Restaurant Brands International Inc. QSR-T has terminated the franchise contract of the president of a group of disgruntled Tim Hortons franchisees, after they recently voiced concerns about declining profitability amid rising costs for food and supplies.
Ron Fox, a second-generation Tim Hortons franchisee who has owned restaurants for more than two decades, received notice from the chain’s parent company on Thursday that it had terminated the agreement with him, according to two sources familiar with the matter. The Globe and Mail is not naming them because they are describing confidential matters.
Mr. Fox owned two restaurants in Brantford, Ont. Last March, he was named president of the Alliance of Canadian Franchisees, a group that says it represents the owners of nearly one-third of Tim Hortons’ 3,896 locations in Canada.
He received notice of termination less than a week after the ACF went public with its concerns, with executive chair Dave Lush – who is not a franchisee but represents the group – telling The Globe that the situation had “reached a crisis state” for many.
The move by RBI marks an escalation in the conflict with the franchisee group, at a time when restaurants are grappling with inflation while aiming to protect profits.
A focus of the conflict is the rising price of food and other supplies that franchisees are required to buy from Tim Hortons.

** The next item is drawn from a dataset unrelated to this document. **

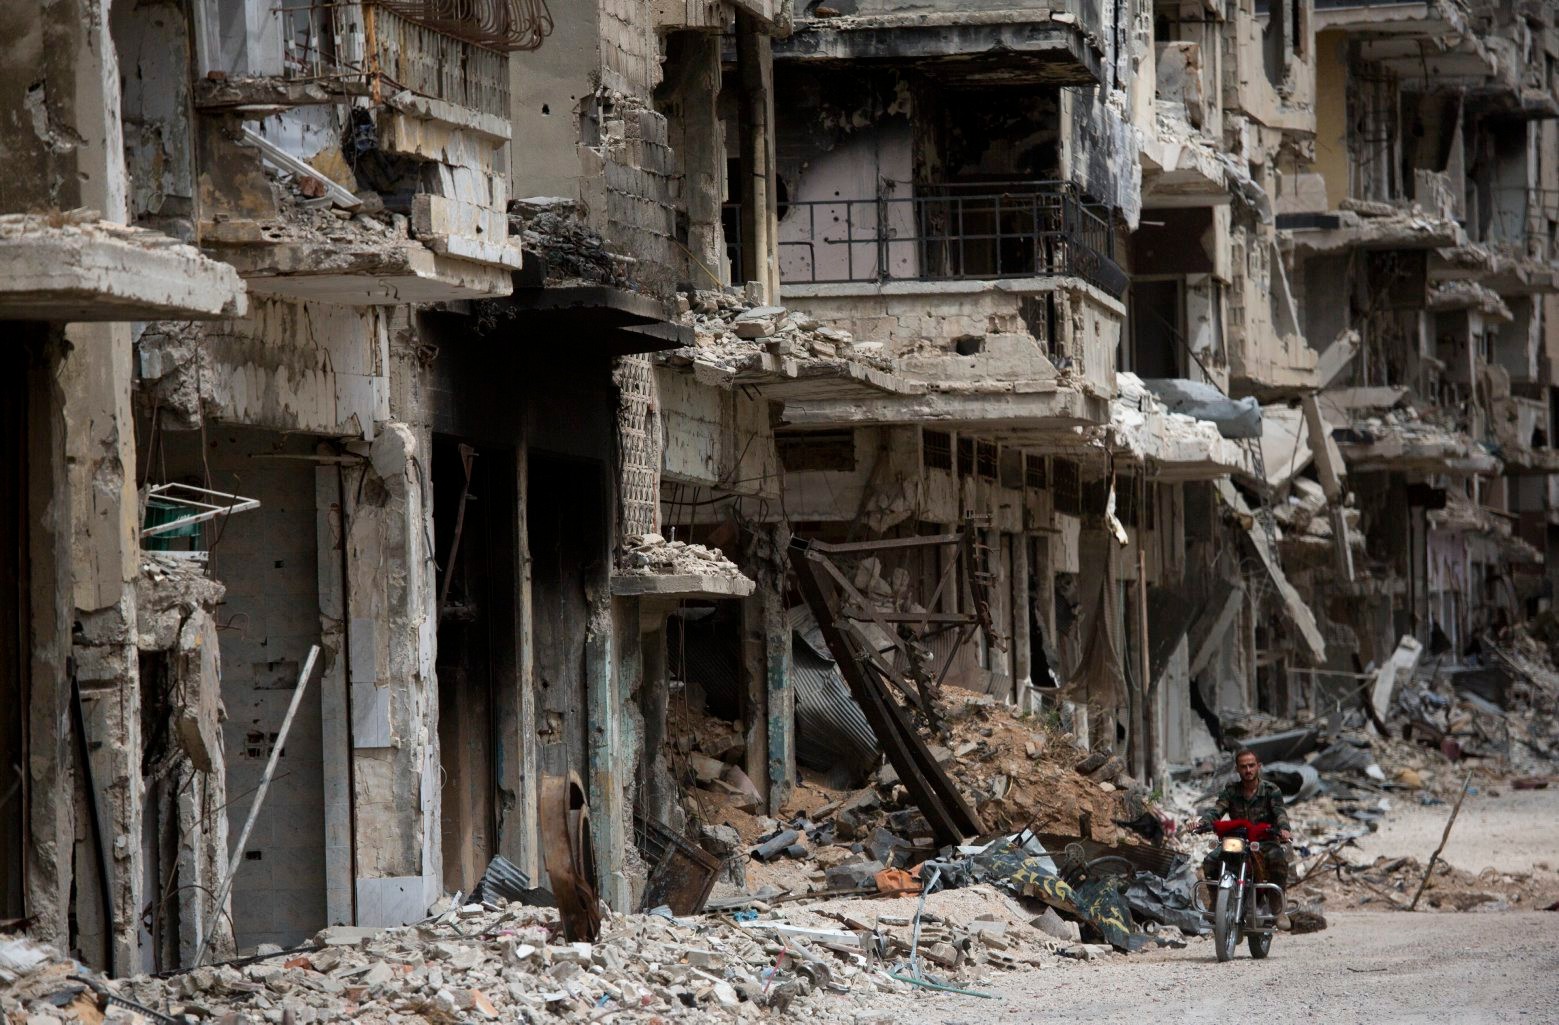 FILE - In this Thursday June 5, 2014 file photo, a man rides a motorcycle in a devastated part of Homs, Syria. (AP Photo/Dusan Vranic, File) Mideast Syria Timeline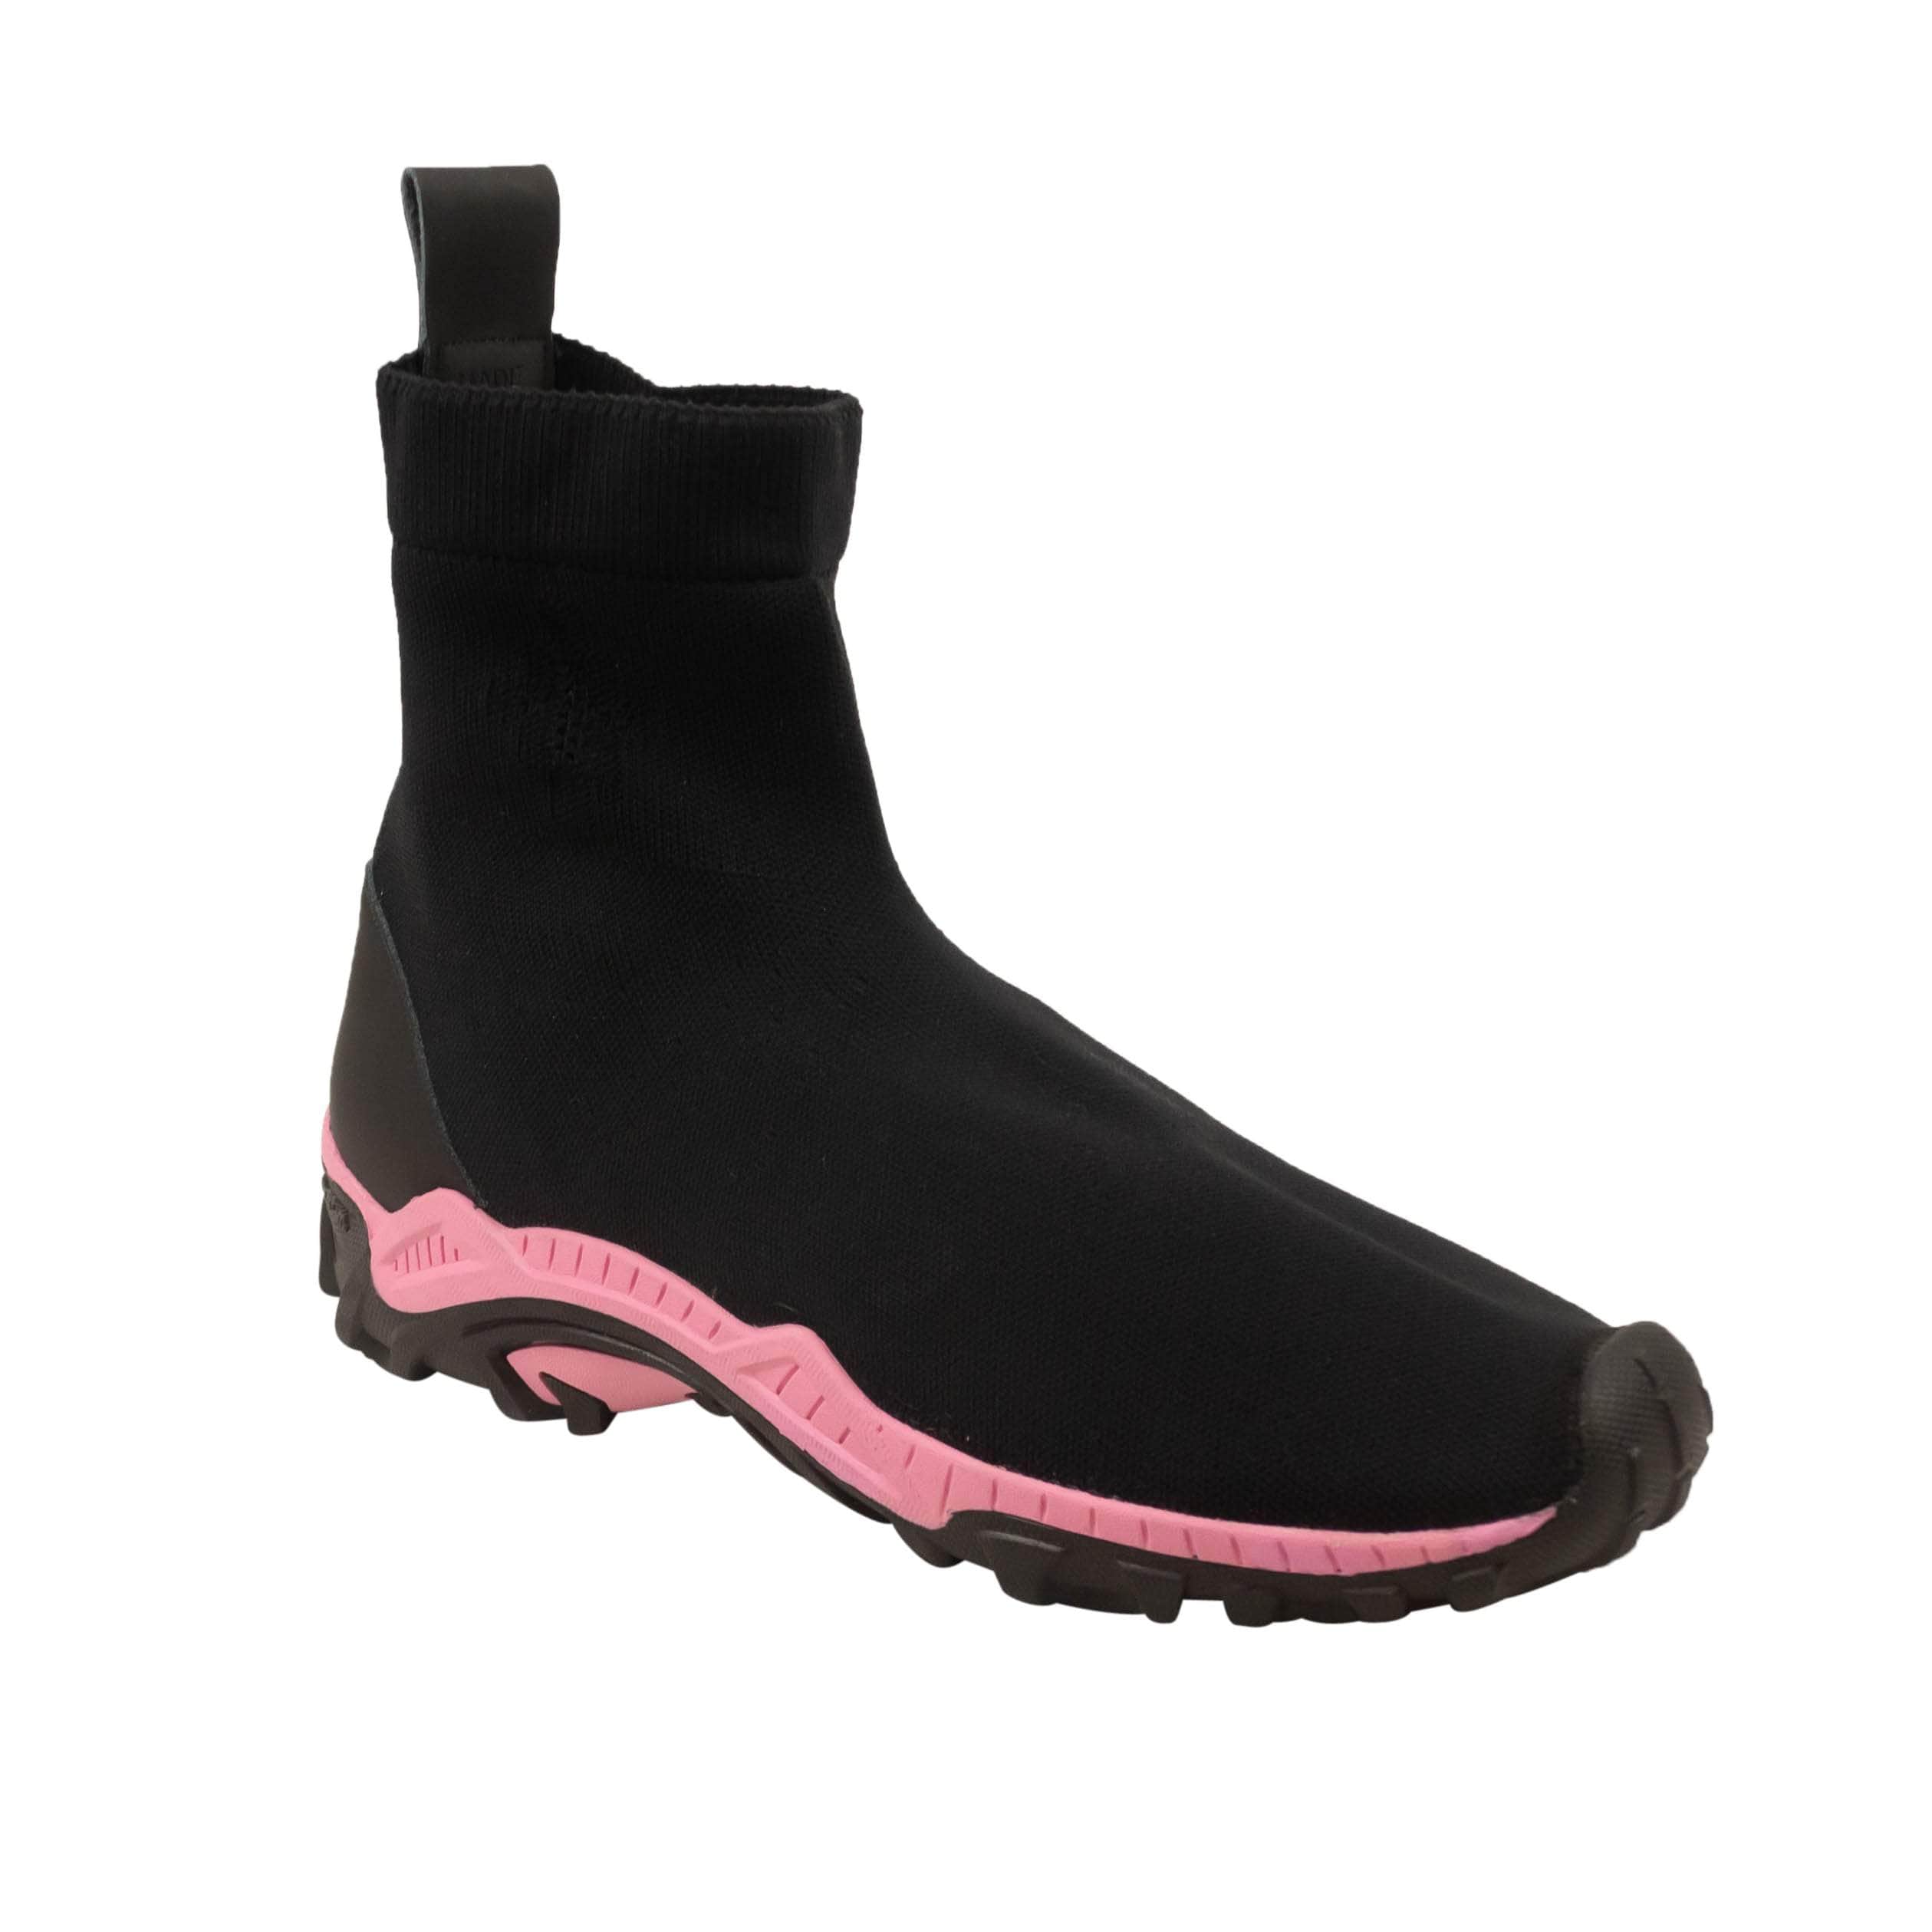 Marcelo Burlon 250-500, channelenable-all, chicmi, couponcollection, gender-mens, main-shoes, marcelo-burlon, mens-ankle-boots, mens-shoes, size-44 44 Black And Pink Flyknit Boots 95-MCB-2004/44 95-MCB-2004/44

According to the ACF, sales increases across the chain have not made up for those cost pressures. The ACF is not arguing for passing on those costs to customers in the form of higher menu prices, Mr. Lush said last week. But the group questioned whether the company had raised its prices on supplies more than necessary.
This week, Restaurant Brands executive chair Patrick Doyle said the company had absorbed some costs in order to help franchisees with profitability, leading to lower supply-chain margins. But Restaurant Brands also acknowledged that profitability has been squeezed: It reported the average Tim Hortons location made $220,000 in earnings before interest, taxes, depreciation and amortization (EBITDA) last year, down from $320,000 in 2018, the last time the company reported such numbers.
Mr. Doyle also signalled that the company would not be able to resolve its differences with all franchisees – telling analysts on its quarterly earnings conference call on Tuesday that “it’s likely that a few people will leave the system and transition their restaurants to franchisees who share our long-term mindset for success and growth.”
Both Mr. Fox and the ACF’s Mr. Lush declined to comment on the situation on Friday. Mr. Fox said only that he was discussing options with his legal counsel. The Alliance’s lawyer did not respond to a request for comment on the matter.
Tim Hortons spokesperson Michael Oliveira did not provide details about what led to the decision to terminate the agreement with Mr. Fox.
“As a practice, we don’t discuss our business dealings with current or former franchisees, but we can confirm that we have a very clear agreement with Tim Hortons franchisees about how we protect and grow our brand together,” Mr. Oliveira wrote in a statement.
It is not the first time Restaurant Brands has terminated an agreement after the group spoke out. The ACF was formed in 2017 under the name The Great White North Franchisee Association, to represent the concerns of restaurant owners.
The following year, during a high-profile dispute, Restaurant Brands revoked the franchise licences of former GWNFA president David Hughes. The company also issued “brand protection” and “breach of media policy” notices to the six franchisees who sat on the board of the dissident group.
This week, Restaurant Brands sent default notices to the current members of the ACF board – including Jeri Horton-Joyce, the daughter of chain founder Tim Horton – but only Mr. Fox’s agreement had been terminated, according to the sources.
In 2019, Tim Hortons settled two lawsuits with franchisees. In that settlement agreement, the company rescinded the notices it had issued to the board members, while the franchisees agreed not to communicate with the media after responding to inquiries related to the settlement itself. The franchisees’ agreements also include requirements to adhere to policies on not speaking with reporters or engaging in behaviour that could be seen to damage the Tim Hortons brand.
Now, tensions are heating up once again.
RBI executives say that improving franchisee profitability is an important issue for the company. On Tuesday, executives committed to reporting on average franchisee profits on an annual basis, going forward.
“A few things are clear priorities. One of them, certainly, is franchisee profitability,” chief operating officer Joshua Kobza said in an interview Tuesday, after RBI announced he will step into the role of chief executive officer on March 1. “We’re taking a further step to enhance focus on it and to drive accountability.”